How can I set a column to NOT NULL without locking the table during a table scan?

Another answer from another postgresql contributor.

PostgreSQL will not even try to use any indexes during execution of "alter table set not null". It is just not implemented.

Proper implementation of index scan is difficult part. We cannot just do something like this query

select exists(select from foos where bar1 is null)

from alter table command for various reasons. Such feature will require big piece of code (and, probably, fragile code under some edge cases), much work, only for limited use cases. Something what developers do not like. Actually, pgsql-hackers community does not like how NOT NULL is stored in system catalog. It would be cleaner with a redesign of this part of the catalog. After that, it would be possible to do SET NOT NULL NOT VALID with a short lock and table validation without an exclusive lock. Similar to alter table .. add constraint ... not valid + alter table .. validate constraint for check constraint or foreign key. But such redesign is much more work, and there is no one who wants to do it.

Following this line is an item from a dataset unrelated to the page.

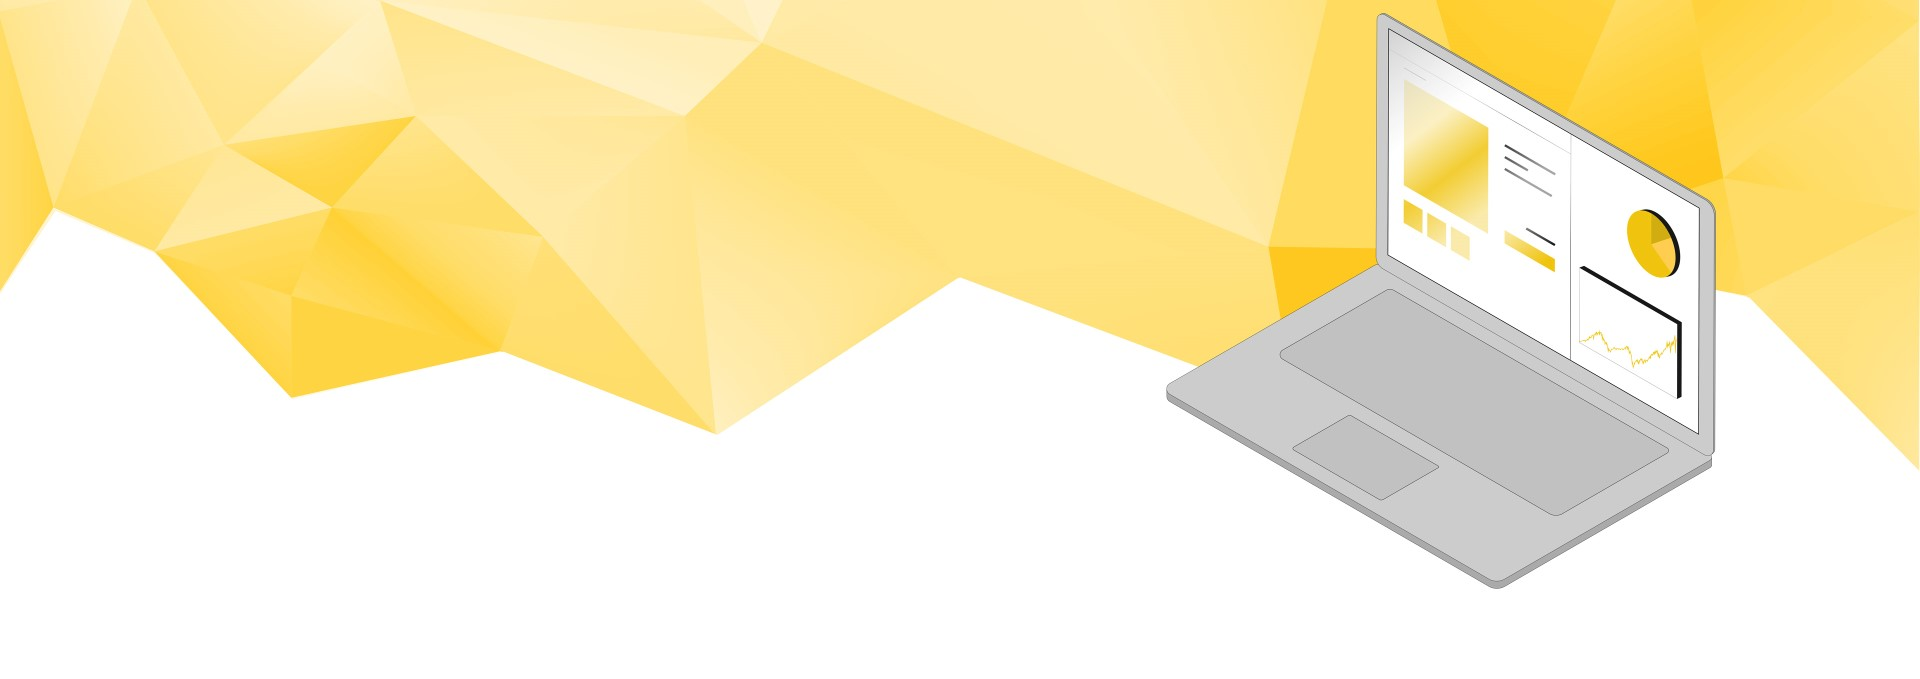 EXWE Grafik Laptop E-Commerce Agentur

But I have good news: in PostgreSQL 12 (and above) scan the entire table is not the only option. alter table set not null can prove correctness of NOT NULL by existing check constraints. So, one can do:

-- short-time exclusive lock
alter table foos 
  add constraint foos_not_null 
  check (bar1 is not null) not valid;

-- seqscan, but without exclusive lock, concurrent sessions can read/write
alter table foos validate constraint foos_not_null;

-- exclusive lock, but foos_not_null proves: there is no NULL in this column
-- so this alter table would be fast
alter table foos alter column bar1 set not null;
-- not needed anymore
alter table foos drop constraint foos_not_null;

That was my patch. Yeah, this looks like a workaround. But, fortunately, it was merged and now it is possible to set not null without a long exclusive lock.


I looked at the source code (function ATRewriteTable in src/backend/commands/tablecmds.c), and PostgreSQL always uses a sequential scan of the table to verify NOT NULL constraints.

So creating indexes won't speed up the execution.